Lady Charlotte Finch had a brainwave. Marooned in Buckingham House, before it became a palace, the governess supervised a dozen royal heirs, her brood ranging from nappies to pimples. This was 1760, the original home schooling, as Lady Cha (her fond nickname) enabled future monarchs to read and write.
Grasp geography too, thanks to a map fetched from the stationery cupboard. “See the pink bits? Your daddy – King George III – owns them.” Though the children were quick to yawn, as any home teacher will vouch. Owning America was spiffing, but what’s the point if you’re trapped inside all day? So Lady Cha grabbed the scissors.
David Astle knows the importance of puzzles as diversions in difficult times.Credit:Jo Gay
Africa, Asia, even the Arctic – nothing was spared her blades. The governess snipped the five oceans. She split the Indies, made a royal mess of Patagonia. She called the exercise Dissected Maps, jumbling the world into a blizzard for the princelings to fix.
Since then, jigsaws have been a staple of indoor life. If home-baked sourdough is not the lockdown totem, then jigsaws run close, a logo above the ribboned slogan: “You’re on mute.” There’s something satisfying about deriving order (and Swiss chalets) out of chaos, for want of an equivalent transition in public life.
Lady Cha’s confetti, of course, has evolved into the tracery of factory lasers, reducing a boulevard to 500 pieces – or 499 in the case of pre-loved sets. Technical terms apply to the smithereens too, from the sticky-out bits (or tabs) and their corresponding indentations, or blanks.
Hobbyists favour other labels for the tab-blank marriage. Some I’ll leave to your one-track mind, while cuter couplings include innie-outie, loop-pocket, key-locket, bump-socket plus the carpentry motif of interjambs. Yet there remains a nagging gap in the picture, namely an agreed identifier for the jigsaw solver.
Despite my research, I failed to find a consensus term for the soul attempting to restore an autumnal oak from a boxful of cardboard scree. What do we call this person, aside from the cumbersome jigsaw solver? Or plain old jigawer. On Twitter, I consulted the crowd.
Suggestions ranged from puzzler to jigseer, from interlocker to matchmaker, from dissectologist to shape-shifter, from tessellator to piecemaker. Dave Williams, a UK crossworder, floated cartomosaicist, while Izzy Tolhurst fashioned the portmanteau of sawlver. Fittingly, nothing clicked.

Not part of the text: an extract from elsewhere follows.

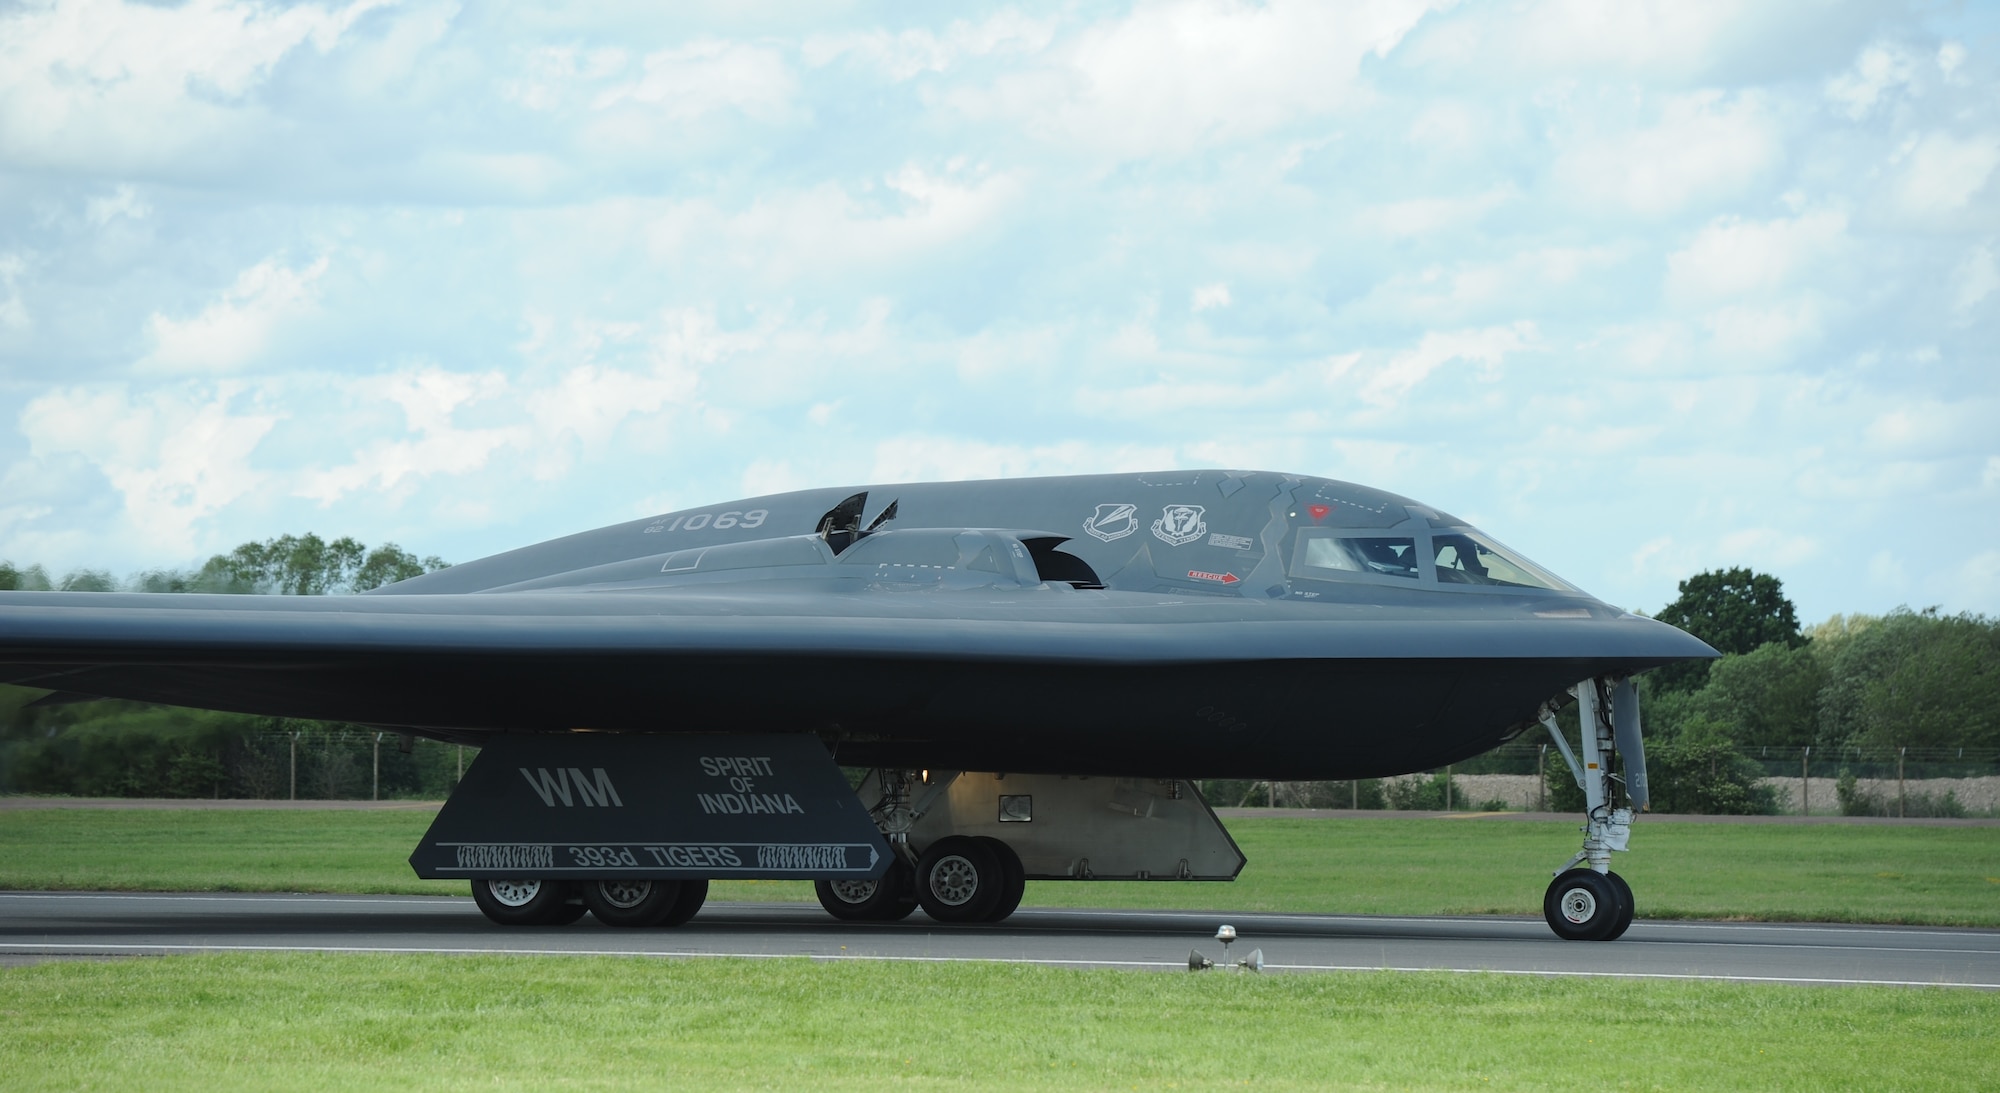 The “Spirit of Indiana,” a B-2 Spirit from Whiteman Air Force Base, Mo., taxis down the runway at RAF Fairford, England, June 8, 2014. The B-2 Spirit is a multi-role bomber capable of delivering both conventional and nuclear munitions. Its low-observable, or "stealth," characteristics give it the unique ability to penetrate an enemy's most sophisticated defenses and threaten its most valued, and heavily defended, targets. (U.S. Air Force photo by Staff Sgt. Nick Wilson/Released)

The gap persisted. What do we call someone devoted to rebuilding Van Gogh’s Sunflowers, the azure domes of Santorini?
Single, tweeted Dean Mayer, and cyberspace chuckled. But I protest. As much as I loved the quip, I know there’s a jigsaw-doer in all of us, whether we traffic in knobs and sockets, or tackle kindred problems. Daily we pick up the pieces, determined to salvage wonder from the pandemonium.
What is the word for a jigsaw puzzler like Jasmine Webb, asks David Astle?
As language users, that battle never rests. Every waking hour we rummage the brainbox for the right piece in the right position, even when that word’s not there. Such a gap plagued TV writer Adam Zwar recently, when he shared online: “I’ve lost the energy to be angry about everything.”
Was there a word for that? Was it reachable or did it need inventing? Again the crowd, like jigsaw kibitzers, offered pieces of their minds. Lexicographers, feel free to snaffle melancaholic (from Graham Kidd) or lethangry (Rupert Morrish), disenraged or vexhausted. Though the anointed neologism was exhaustipated, being too tired to give a shit.
Lady Charlotte Finch may well roll her eyes, but she hasn’t lived the bedlam of the last 18 months. Mind you, for a woman of refinement to reduce the world to ticker tape, I’d say she has the wherewithal to see the full picture.